В тот же день, но позднее, на совещании, где присутствовало лишь ограниченное количество военных, Наварр прямо спросил генералов Жилля и Дешо, если ли у них соображения против операции “CASTOR”. И командир десантников, и командующий ВВС ответили утвердительно. Жилль высказал незначительные возражения, касавшиеся тактики одновременной высадки всех парашютных частей в деревне, где, по имевшимся данным разведки, находился 148-й полк Вьетминя. Жилль считал, что выброску следует произвести в разных точках вокруг Дьен-Бьен-Фу, после чего атаковать противника на его позициях. Дешо повторил то, что уже говорил относительно погоды, заградительного огня ПВО и т.д. Наварр выслушал и почти ничего не ответил. Под конец главнокомандующий спокойно выразил уверенность в том, что воздушные силы могут выполнить поставленную задачу, несмотря на все сложности, а затем подвел итог совещанию, объявив, что операция “CASTOR” начнется 20 ноября, то есть через три дня.

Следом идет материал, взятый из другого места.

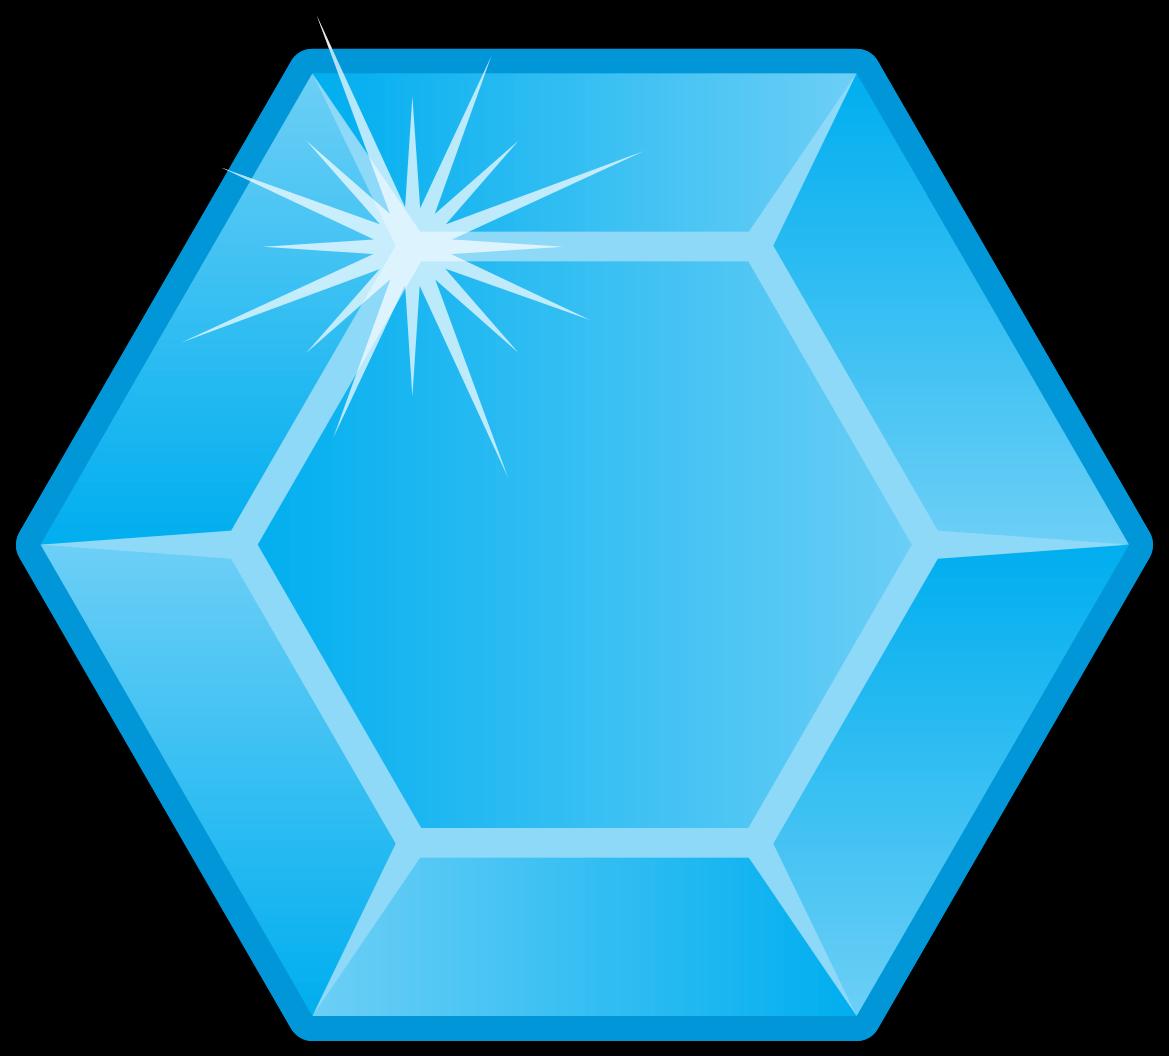 Blue Diamond Hexagon png
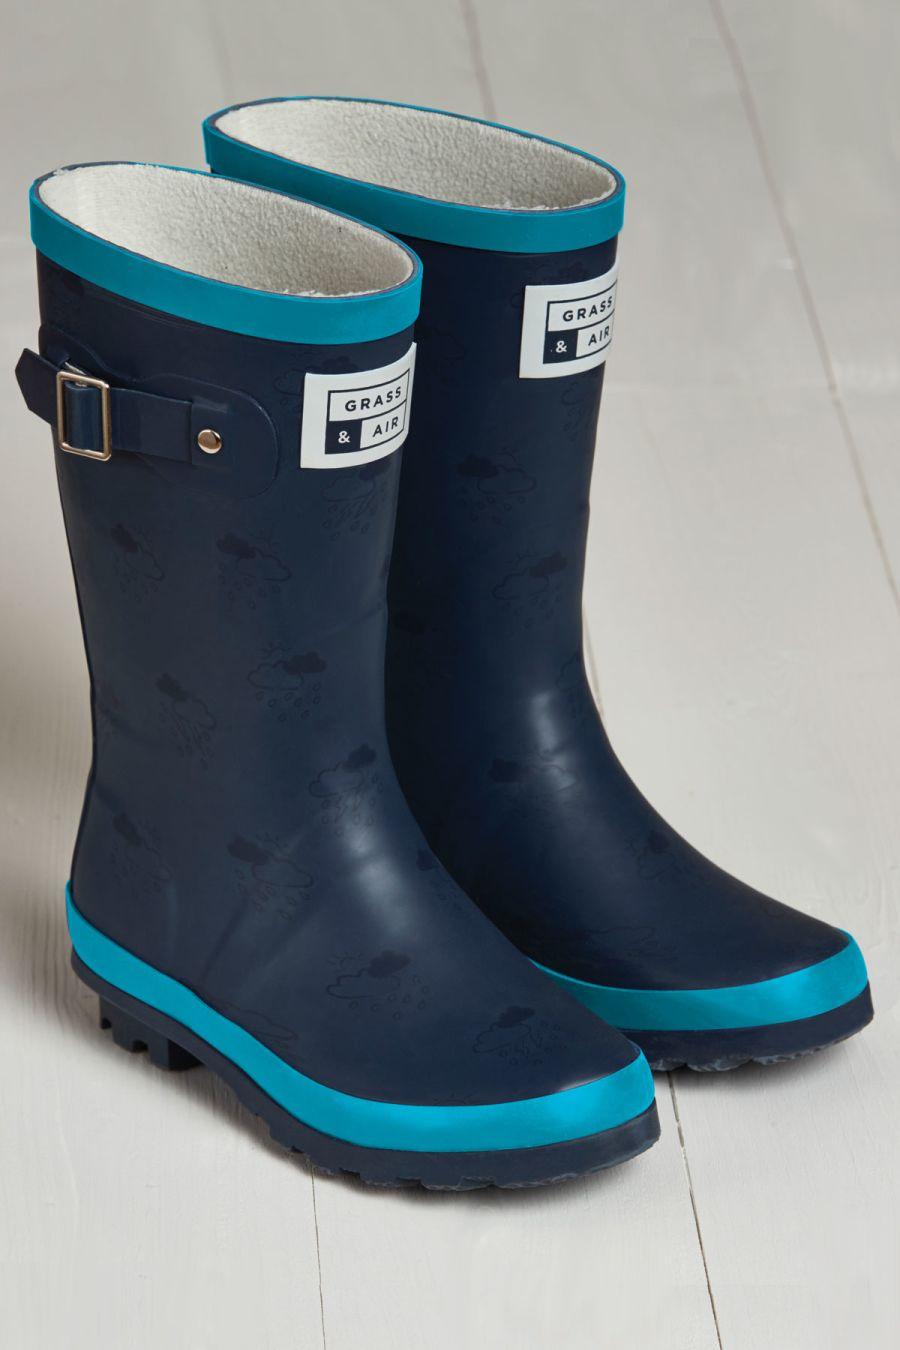 Navy/Turquoise Junior Wellies

Тут неминуемо возникает другой глобальный вопрос: почему же Наварр так упорствовал, ведь все говорило против проведения операции? Жилль, Коньи и Дешо были смелыми и опытными офицерами и не стали бы так настойчиво спорить с начальством, не имея на то очень веских оснований. Возражая против проведения операции, все трое рисковали навлечь на себя обвинения в нежелании сражаться, что дало бы право главнокомандующему отстранить каждого из них от занимаемой должности. Командующий может, конечно, и не принимать в расчет мнений подчиненных. Однако в таких случаях, начиная операцию, он берет на себя двойную ответственность и не может не осознавать, что в случае провала всерьез рискует должностью, карьерой и репутацией.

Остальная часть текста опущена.